RNA was extracted from the paraffin-embedded dissected sections and treated with DNase as described elsewhere (Dotti et al, 2010). In all, 200 ng of RNA was retro-transcribed by MMV reverse transcriptase using random hexamer primers. For RT–PCR, the primers were those described in section ‘cDNA synthesis and real-time PCR’. Pre-denaturation was performed for 2 min at 95°C, followed by 30 cycles with a denaturation step of 30 s at 94°C, an annealing step of 30 s at 60°C and an extension step of 30 s at 72°C for EEF1A1 and 28S rRNA. For EEF1A2, the cycles were elevated at 50 and the annealing was done at 58°C. As negative controls paraffin blocks without tissues were used. The RNA quality in each clinical specimen was analysed by RT–PCR of 28S rRNA using 25 ng of total RNA and 35 cycles of amplification.

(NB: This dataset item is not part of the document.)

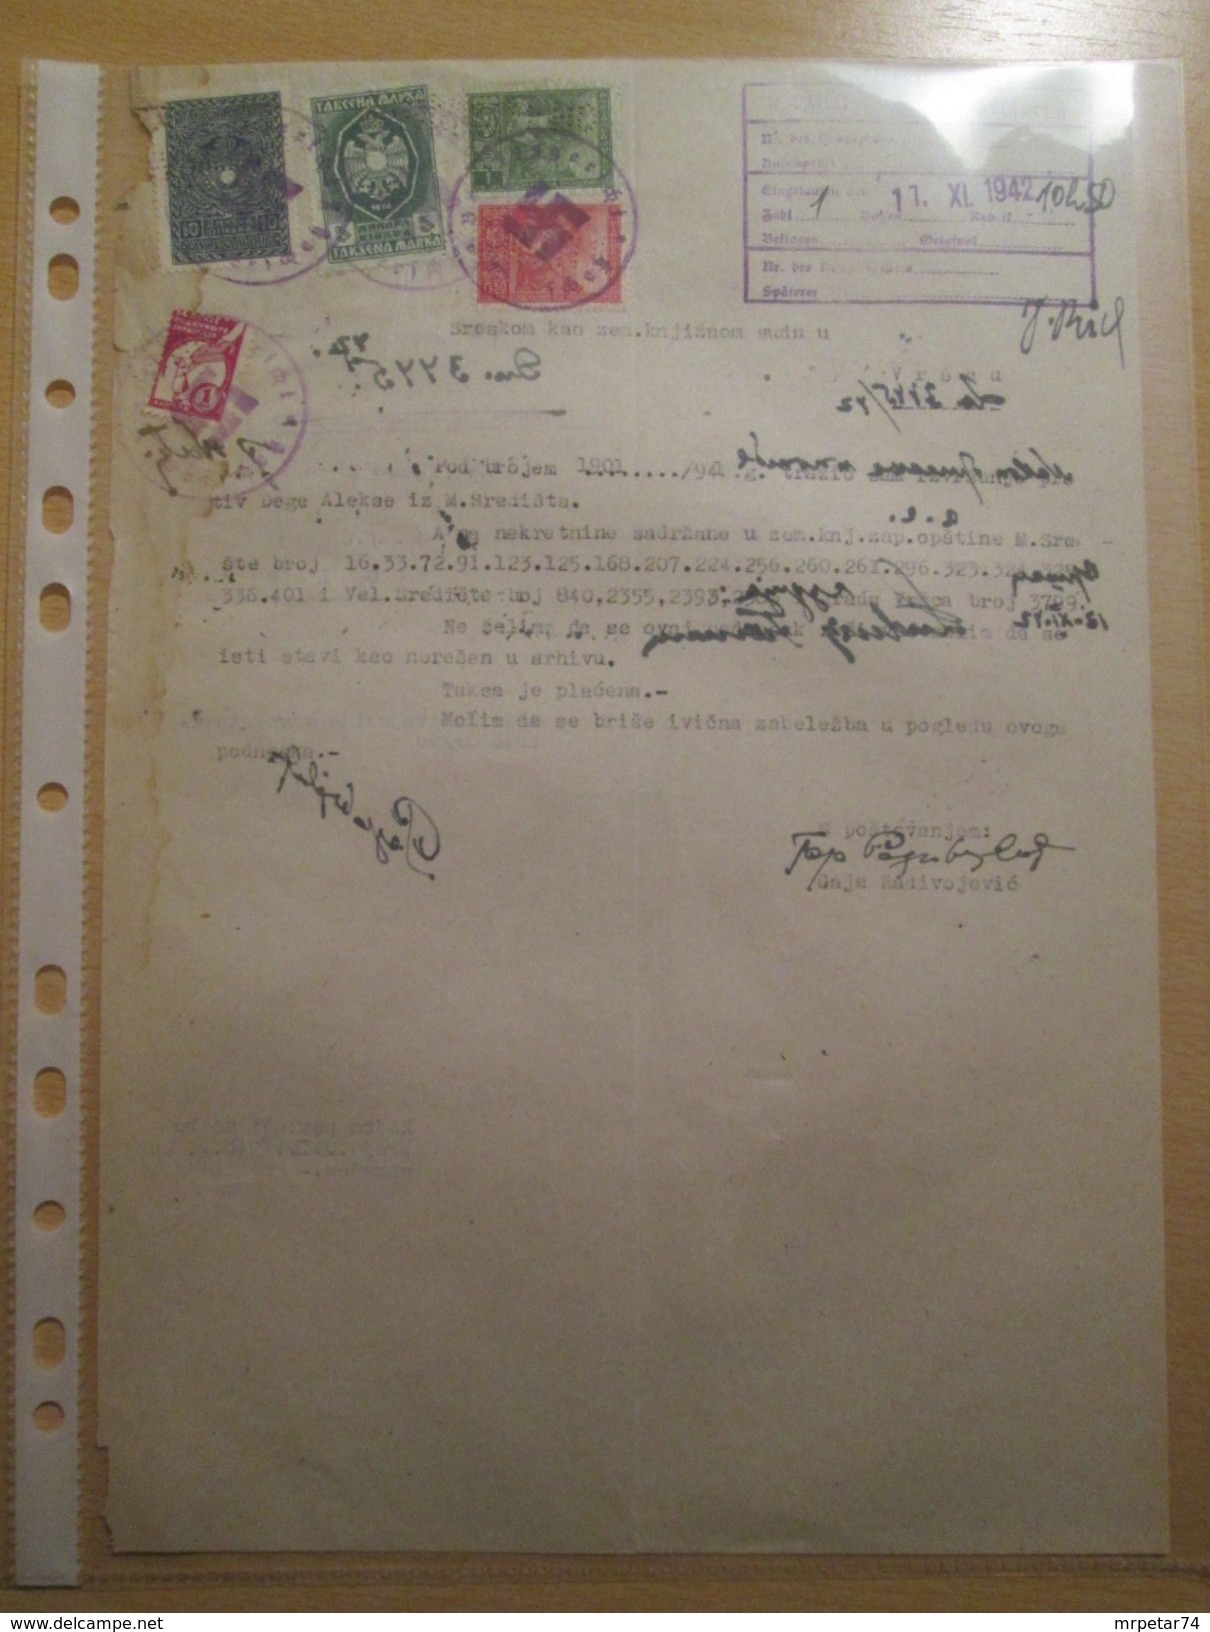 WWII German Third Reich Documents & Stamps in Occupied Serbia

The nine prostate cancer and two prostate hyperplasia samples fixed in formalin and embedded in paraffin were obtained from the Pathology Department of the University of Trieste. Patients showed a median age at diagnosis of 63 years (25th–75th percentile=60–71). RNA was extracted according to Stanta and Schneider (1991) and treated with DNase. In all, 200 ng of RNA was transcribed using AMV reverse transcriptase with specific reverse primers. The RT–PCR was performed as previously reported (Stanta and Bonin, 1998), by using for EEF1A2 the following primers: Fw 5′-GCCACCGTCAATAGGTGGAC-3′ and Rv 5′-GATTCCGGAGCCGAGGTCTCA-3′ (NM_001958) giving a specific amplicon of 91 bp. In the cases (four) where the perineoplastic tissue was over 10% of the section, the perineoplastic and tumour tissue were analysed separately. Negative controls were paraffin blocks without tissues. The RNA quality in each clinical specimen was analysed by RT–PCR of 28S rRNA using 25 ng of total RNA and 35 amplification cycles. Amplification products were checked by dot blot or Southern blot hybridisation (Stanta and Bonin, 1998) using specific probes: 5′-CCCTCCCGGAGATAAAACCGCCGG-3′ for EEF1A2 and 5′-CGGGTGGTAAACTCCATCTAAGGC-3′ for 28S rRNA.

Statistical analysis

Values were expressed as mean±s.e.m. Statistical significance was determined by one-way analysis of variance and the appropriate Student's test; a value of P<0.05 was considered to be statistically significant.

Results

Characterisation of human prostate cell lines proliferation behaviours

The growth rates of the cancer LNCaP, DU-145, PC-3 and of the non-tumourigenic PZHPV-7 cell lines were assessed. As illustrated in Figure 1A–C, the three cancer lines showed a higher rate of proliferation compared with the control PZHPV-7. Notably, the LNCaP exhibited an evident lower rate of proliferation with respect to the less differentiated and more aggressive DU-145 and PC-3. The differences can be substantiated by cell counting (Figure 1A), MTT test (Figure 1B) and by the amount of S-phase cell (Figure 1C).

Figure 1
figure 1

Cell proliferation and levels of some cell-cycle modulators. (A) Cell numbers. Cells were seeded in six-well plates and their numbers were evaluated at the indicated times. (B) MTT test. Cells were seeded in 96-well microtiter plates and the growth rate was measured at the indicated times by MTT incorporation. (C) S-phase cells. Cells were seeded in six-well plates and the amount of S-phase cell was evaluated at the indicated times. (A–C) The date are reported as fold increase respect to day 1; data are indicated as mean±s.e.m.; n=3. (D) Western blotting of cell-cycle modulators. Cells were collected at subconfluence; the levels of the indicated proteins are shown; GAPDH protein content was used as loading control. Relative quantifications are reported below.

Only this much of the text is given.